Directed by: John Curran
Starring: Robert De Niro, Edward Norton, Milla Jovovich and Frances Conroy.
Often, those people who society judge the most are the ones who are locked behind prison bars. However, in the new Overture drama ‘Stone,’ starring Robert DeNiro, Edward Norton and Milla Jovovich, the misconception that prisoners deserve to be judged the harshest is quickly revealed and proven to be wrong. The movie also shows that those people who are the first to point out other people’s faults are often the ones who have something to hide.
‘Stone’s very simplistic plot follows convicted felon Gerald “Stone” Creeson (played by Norton), who is up for parole after serving eight years of a 10-15 year sentence for accessory to murder and arson. In an effort to get released, he tries to convince correctional officer Jack Mabrey (portrayed by DeNiro) that he’s become a spiritual person, and has changed his ways. Stone even has his wife Lucetta (played by Jovovich) seduce Jack, despite the fact that Jack has been married to his wife Madylyn (portrayed by Frances Conroy) for 43 years.

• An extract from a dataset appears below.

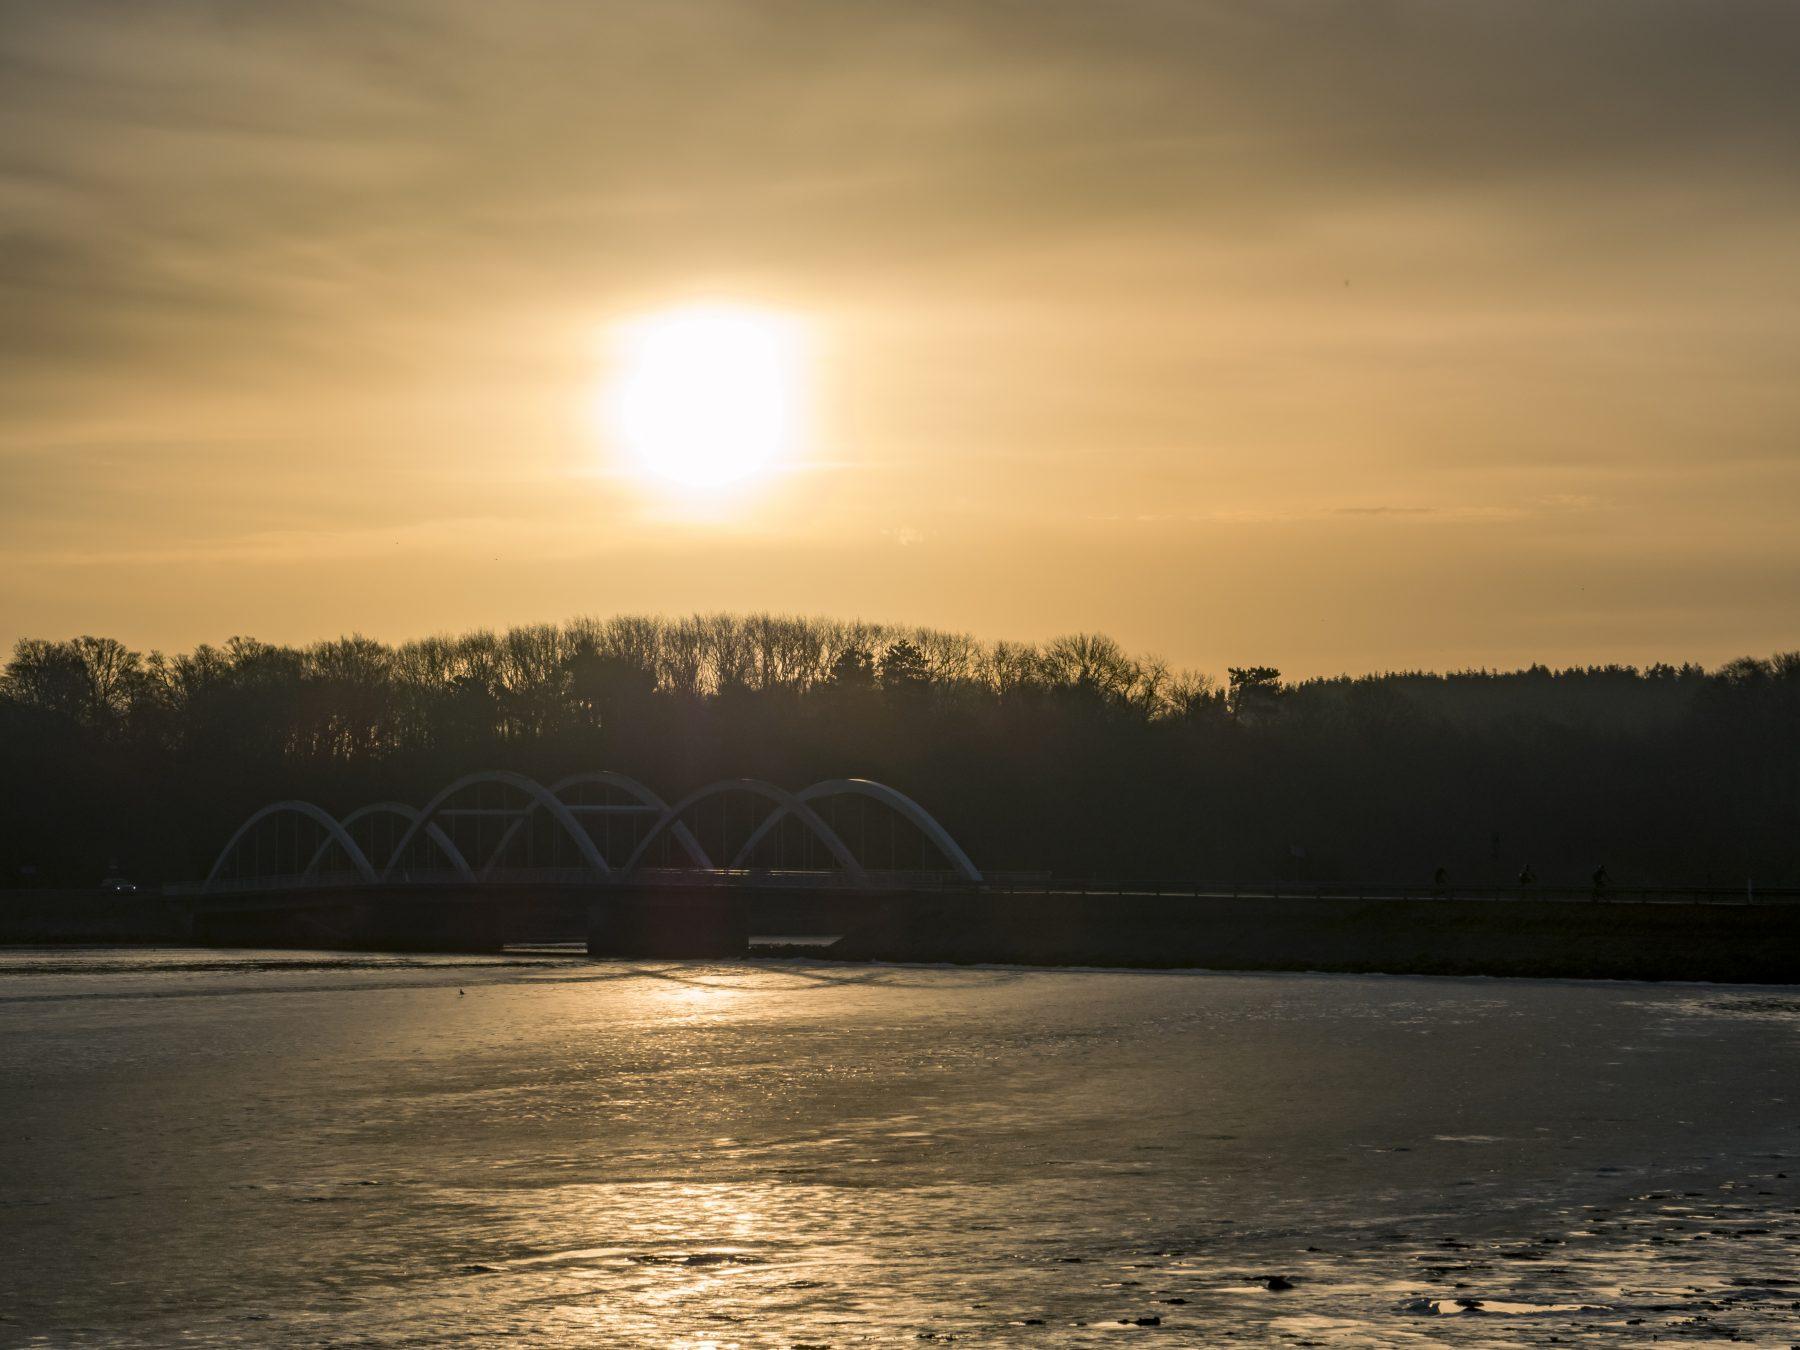 Munkholmbroen

As in all of his roles, DeNiro proves what a committed actor he is by throwing himself into the role. Despite the fact that Jack attends church every week, reads the Bible with Madylyn and seeks advice from one of the bishops at his church, DeNiro still makes the character despicable. Viewers will more than likely loathe Jack, despite his protests to Stone, Lucetta and Madylyn that he is a good person. He constantly judges people and controls those around him, especially his wife, and doesn’t understand why people become upset with him. While Stone is the prisoner and doesn’t always know right from wrong, he at least admits when he knows he’s made mistakes; Jack is definitely the more hated character in the film, as he does whatever he pleases, and doesn’t care who he hurts in the process.
While DeNiro gave another great performance, Norton is the one to watch in ‘Stone.’ While Stone gives Jack an “I don’t care what you do to me” attitude when he first meets him, Norton is able to convincingly turn his character’s personality around. He makes the audience believe that Stone truly wants to better himself, and has become spiritual in the process. While Stone wants Lucetta to constantly harass Jack to get him to expedite his case, Norton is able to turn Stone’s priorities around as the plot goes on.
Jovovich also shines in her role as Lucetta, creating the perfect femme fatale. Not only is she able to convince Stone that she still loves him, even after he spends eight years in jail, she also uses her hidden sexual charm to lure Jack in to help her. Lucetta is also able to lead Jack into compromising situations at work by bringing him presents, and enters into a dangerous personal relationship with him that affects his marriage. While Jovovich doesn’t have many scenes with Norton, when they are on screen together, viewers are left thinking Lucetta really does love Stone. But when Jovovich is next to DeNiro, that belief totally turns around, and viewers are left thinking Lucetta wants to be with Jack.
While Stone and Lucetta’s drive to convince Jack to recommend he be released from prison is the driving force behind the plot, Overture relies more heavily on the actor’s portrayals of their characters to sell the movie. DeNiro, Norton and Jovovich act well off of each other, and really give tension to their relationships. Fans of any of these three actors will surely like this thriller, directed by John Curran, which is now in a limited theatrical release.